Check 5: le trim est-il libre ?
L’extrémité du trim peut se coincer quelque part. Une fois l’aile décollée et les lignes avant en tension, il sera alors impossible de régler mon trim. Sur la barre Kite Attitude il faut le velcroiser sur le coinceur alu du trim.Attention: le velcro est un matériau à durée d’usage éfficace limitée à environ 500 agrippements/dégrippements.

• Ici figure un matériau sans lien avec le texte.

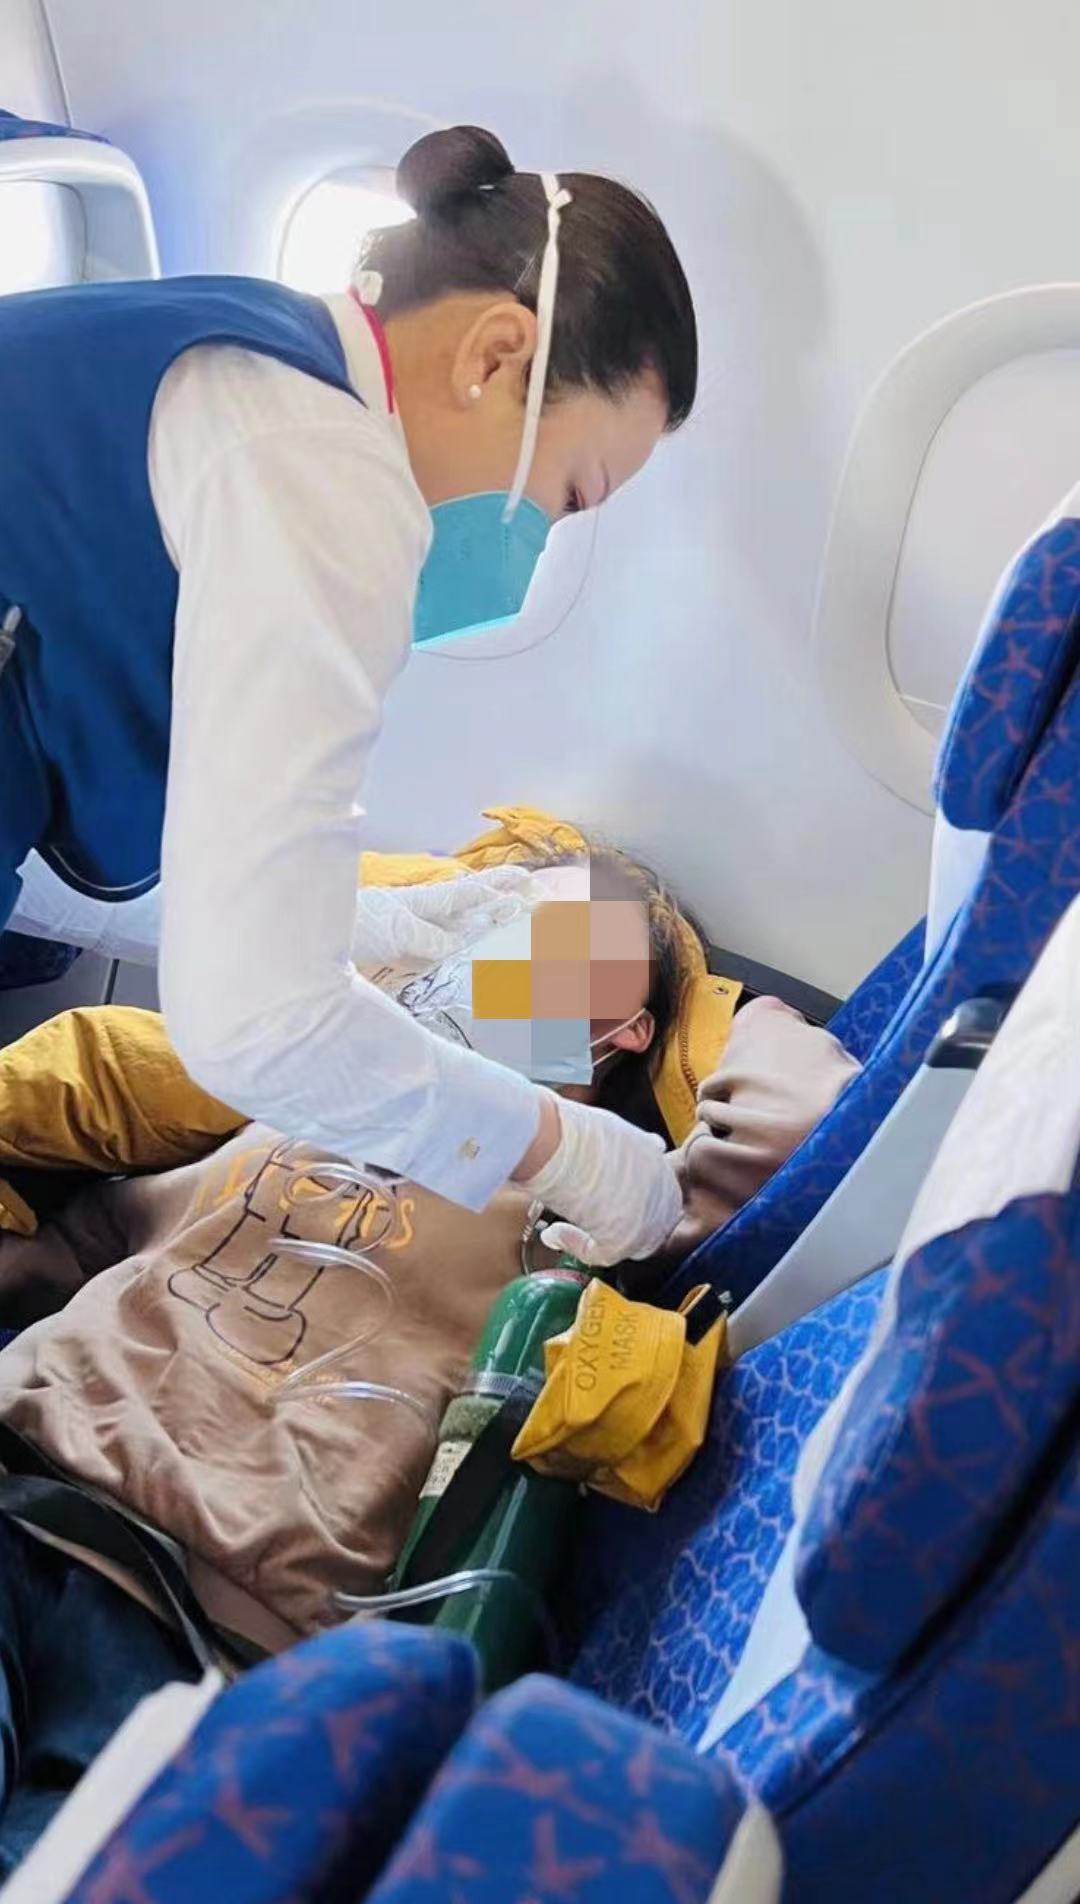 上海至长春航班 空地联动  南航机组暖心施救机上不适旅客

- coincement du bout de bordé/choqué entre la ligne de sécurité et le bout de bordé choqué,
- coincement entre les deux lignes avant dans le cas d’un « Y » de séparation des lignes avant près de la barre,
- enroulement autour d’une préligne arrière.



Check 6: le bout du bordé/choqué est-il correctement bloqué ?
Le coinceur Clamcleat Tm ne bloque le bout que si il y a une tension exercée du côté de l’aile. Cette tension permet au bout de descendre s’insérer fermement dans les dents du coinceur. Lors du premier décollage il faut absolument tirer le bout fermement du côté de l’aile pour qu’il se prenne dans les dents.
Attention: le coinceur Clamcleat est une pièce d’usure. Il faudra le changer quand les dents seront trop usées et que le bout commencera à déraper lors du réglage voile au zénith.



En conclusion, je peux me représenter ma barre comme un cockpit d’avion avant le décollage. Je vérifie tous mes cadrans et mes manettes avant le décollage. Si l’une des données présentées ci-dessous n’est pas OK, je risque d’avoir un gros problème au décollage et je vais perdre le contrôle de mon aéronef. Avec le risque important de me faire entrainer par l’aile et de percuter les obstacles sous mon vent.